Apparently Hamid Dabashi has written a book on the Arab Spring. If 
this excerpt is any indication, he has succeeded in writing so unclearly it's impossible to determine whether there's anything to criticize in it.
The spectre of that emerging state will keep the democratic muscles 
of these revolutionary uprisings flexing - for a very long time, and for
 a very simple reason. The world we have inherited is mystified (Marx's 
term) by the force fields of power that have at once held it together 
and distorted it. Fighting the military and economic might of 
counter-revolutionaries goes hand in hand with deciphering the 
transformed consciousness that must promise and deliver the emerging 
world. The colonial subject (now revolting beyond the mirage of the 
postcolonial state) was formed, forced, and framed as the object of 
European imperial domination, with multivariate modes of governmentality
 that extended from the heart of "the West" to the edges of "the Rest". 

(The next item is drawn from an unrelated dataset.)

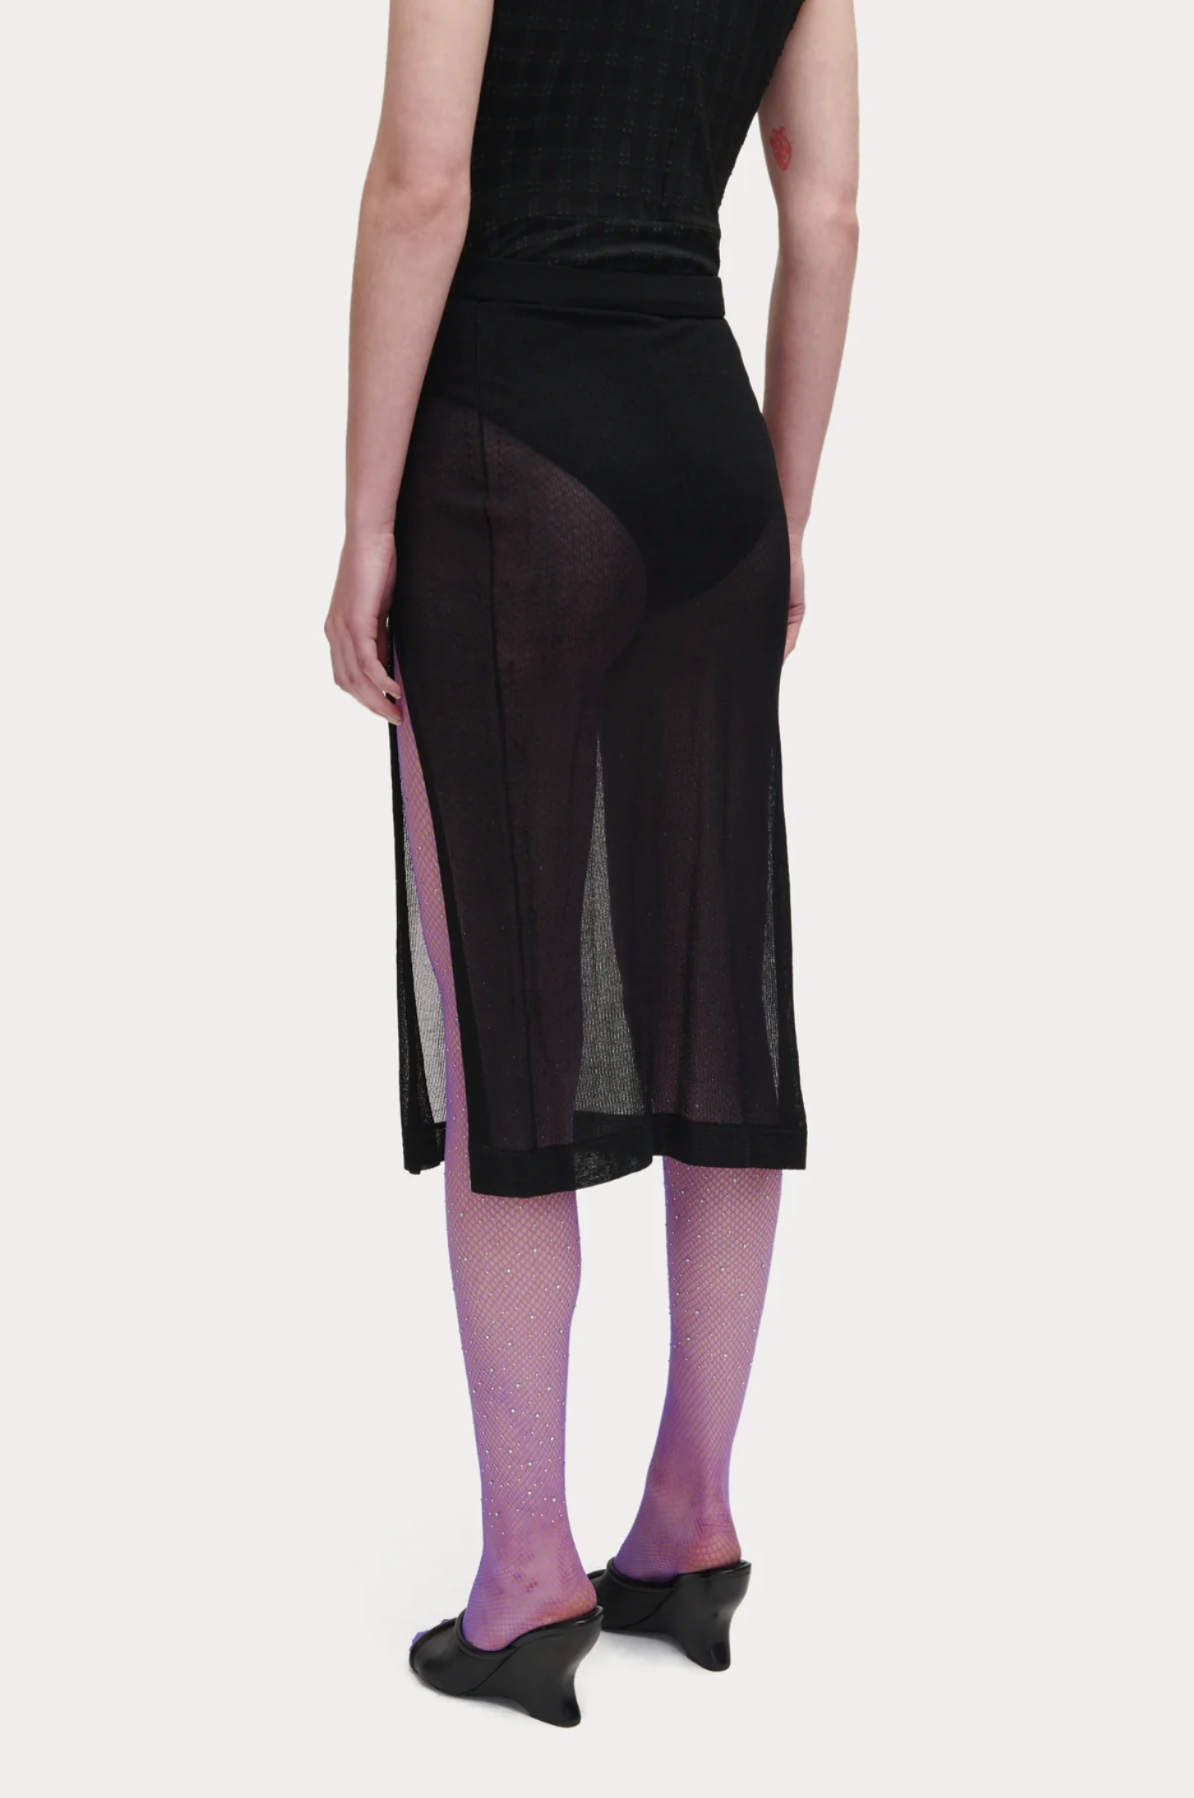 Abreu Skirt in Black Gauzy Knit by Rachel Comey

Europe colonised the Arab and Muslim world from one end to the other 
precisely according to the model of power by which it was itself being 
colonised by the self-fetishising logic of capital. It was, by way of 
partaking in the making of the fetishised commodity, being alienated 
from itself as it was forcing that massive alienation on the colonial 
world. Postcolonialism was instrumental in conceptually fetishising 
colonialism as something other than the abuse of labour by capital writ 
large. It is not, and never has been.
The postcolonial subject, which was none other than the colonial 
subject multiplied by the illusion of emancipation, was thus released 
into the force field of that very same colonial history on a wild goose 
chase of ideological certainty before and after political convictions. 
For more than two hundred years - the 19th and 20th centuries - 
colonialism begat postcolonial ideological formations: socialism, 
nationalism, nativism (Islamism); one metanarrative after another, 
ostensibly to combat, but effectively to embrace and exacerbate, its 
consequences. As these postcolonial ideological formations began 
epistemically to exhaust themselves, the position of "subalternity" 
travelled from South Asia and became a North American academic fanfare, 
before it was politically neutered and soon turned into the literary 
trope of a "native informant". Thus colonialism and postcoloniality 
combined to place the Arab and the Muslim (as its supreme and absolute 
other) outside the self-universalising tropes of European metaphysics, 
where the non-Western (thus branded) was never in the purview of full 
subjection, of full historical agency.
Where to even begin?
- Is it really necessary to paranthetically note 'mystified' as "Marx's term"?
- "Multivariate modes of governmentality". I see.
- I appreciate the attempt to link the logic of capitalism to colonial domination, but equating colonialism with "the abuse of labour by capital writ large" seems a bit overambitious. Also I don't think commodity fetishism is a sufficiently sturdy concept to bear quite that much weight.
- How exactly is a 'subject' 'multiplied' by an 'illusion'?
- As for the last 2 or 3 sentences, it's actually possible I agree with them (what passes for radicalism in "post-colonial" and "subaltern" is decidedly not, which is what he might be saying here), but I just can't be sure.